Goodhart's law is a social-science adage describing how a measure loses its reliability as soon as it is turned into a steering objective. It owes its name to British economist Charles Goodhart, who formulated its core in a 1975 article devoted to monetary policy in the United Kingdom: "any observed statistical regularity tends to collapse once pressure is placed upon it for control purposes". The intuition arose from analysis of British monetary-management difficulties: the stable correlations exploited by central banks as policy levers ceased to hold once instrumentalized.

The most widespread formulation, however, is not Goodhart's but that of anthropologist Marilyn Strathern, who in 1997, in a text on accountability in the university system, proposed the generalized and memorable version: "when a measure becomes a target, it ceases to be a good measure". This reformulation emphasizes the loss of diagnostic value a metric suffers when individuals optimize toward the measure itself rather than toward the underlying objective it is meant to represent.

The idea belongs to a constellation of related principles. Campbell's law (Donald T. Campbell, 1976) addresses the corruption of quantitative social indicators used for decision-making. The Lucas critique (1976) offers its macroeconomic equivalent: the effects of a policy cannot be predicted from historical relationships, because agents adapt to them. To these are added the cobra effect (an incentive that inadvertently rewards counterproductive behavior) and the McNamara fallacy (dismissing the qualitative because it escapes quantification). Several authors have enriched the corpus: Jerome Ravetz (1971), Keith Hoskin (1996), and Jon Danielsson for financial risk modeling.

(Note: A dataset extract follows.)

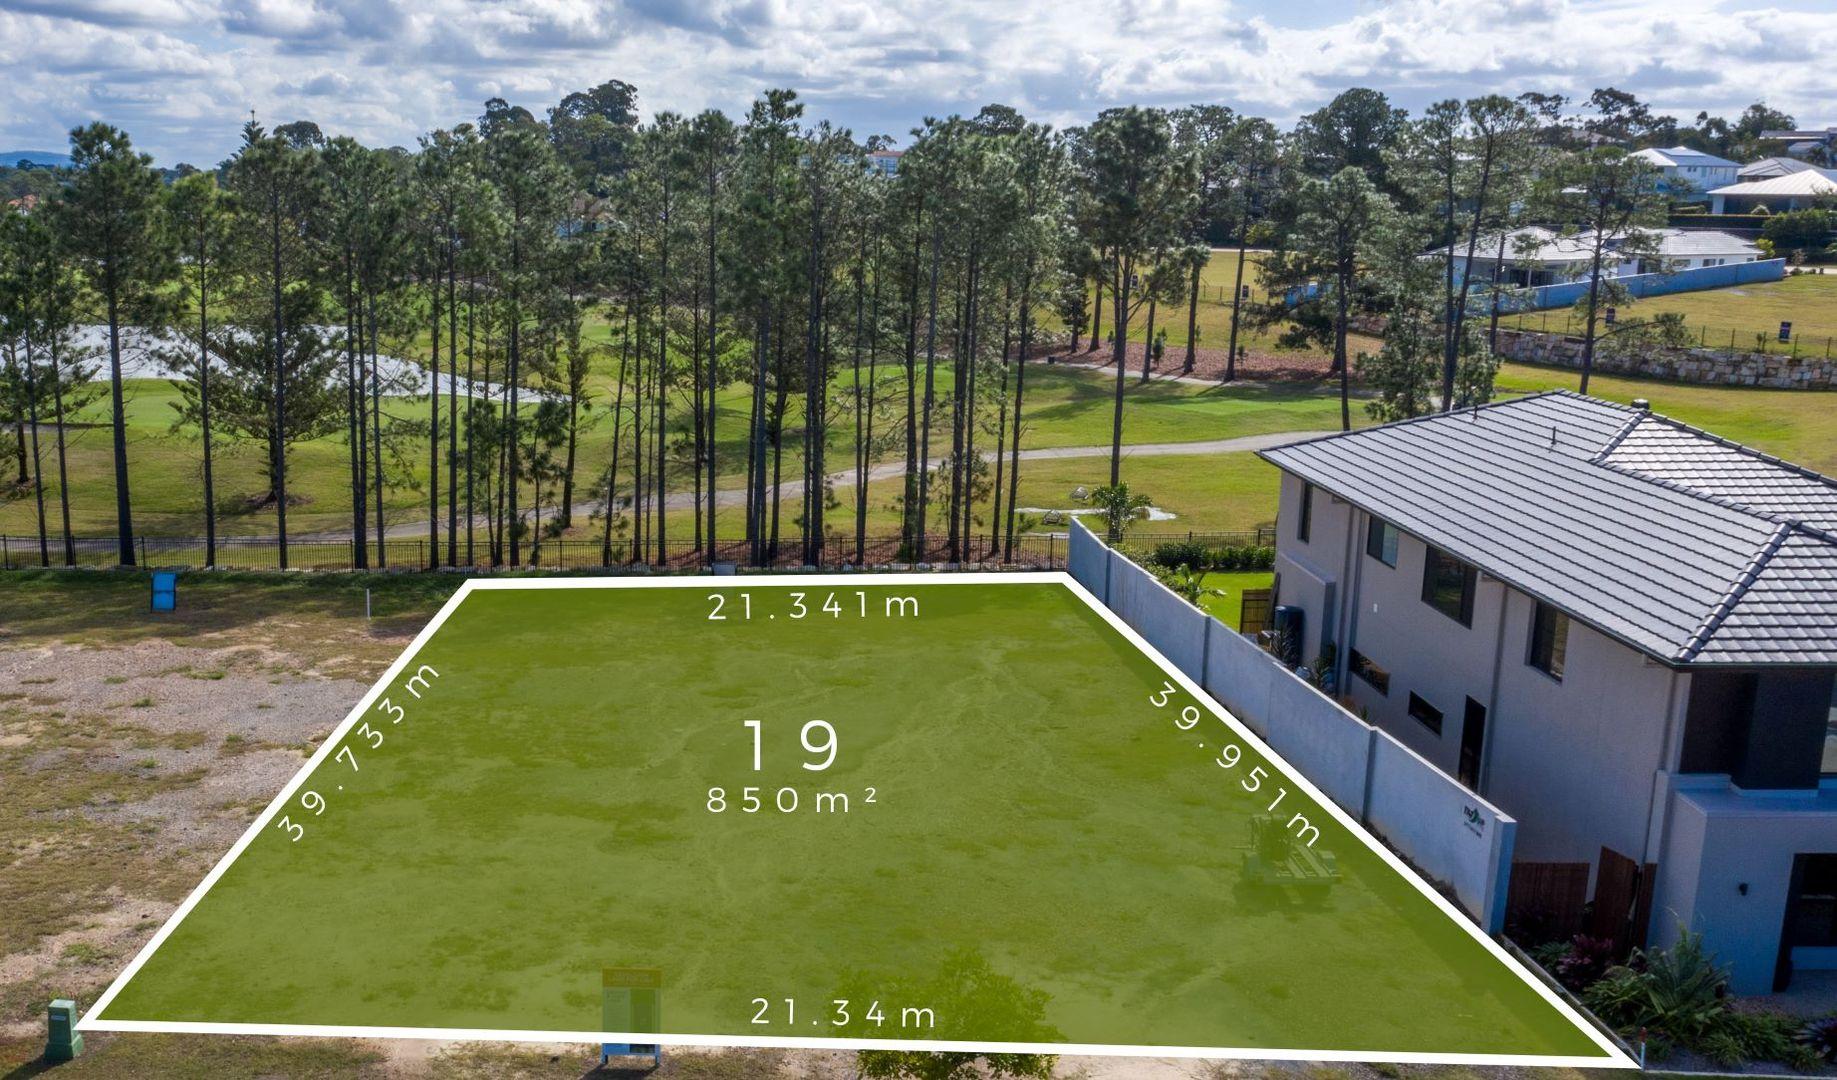 Lot 19/1819 Pinehurst Drive, Sanctuary Cove QLD 4212, Image 0
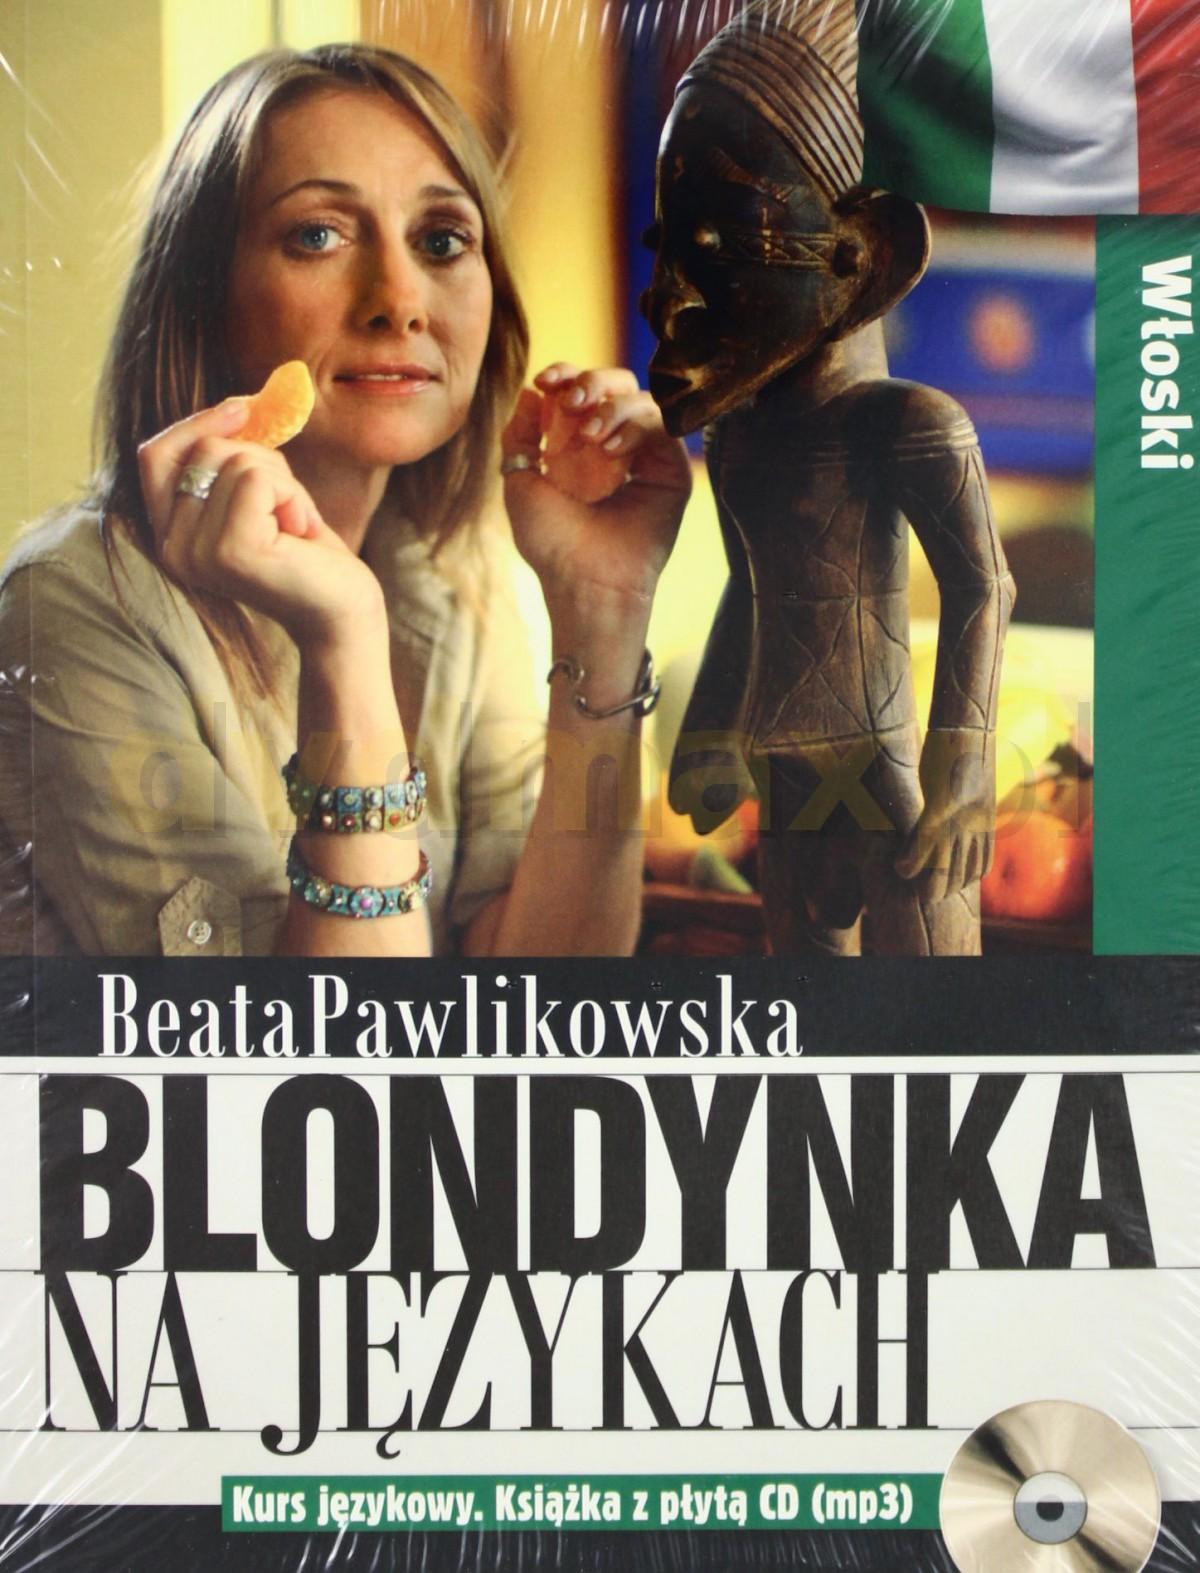 Blondynka na językach. Włoski - Beata Pawlikowska [KSIĄŻKA]+[CD] - Beata Pawlikowska

Illustrations span numerous fields: in healthcare, making length of stay a target causes premature discharges and readmissions; in research, the h-index erodes as a measure of reputation as it becomes an evaluation criterion; in conservation, IUCN extinction classifications have been tightened after being used to lift protections; in education, No Child Left Behind encouraged grade advancement without mastery; during the pandemic, UK COVID testing targets conflated capacity with diagnostic usefulness. The principle ultimately reflects how rational actors optimize within measured systems — a legacy of accountability practices born in the 19th century. Today, it directly illuminates reward hacking and the fragility of optimization metrics in AI systems.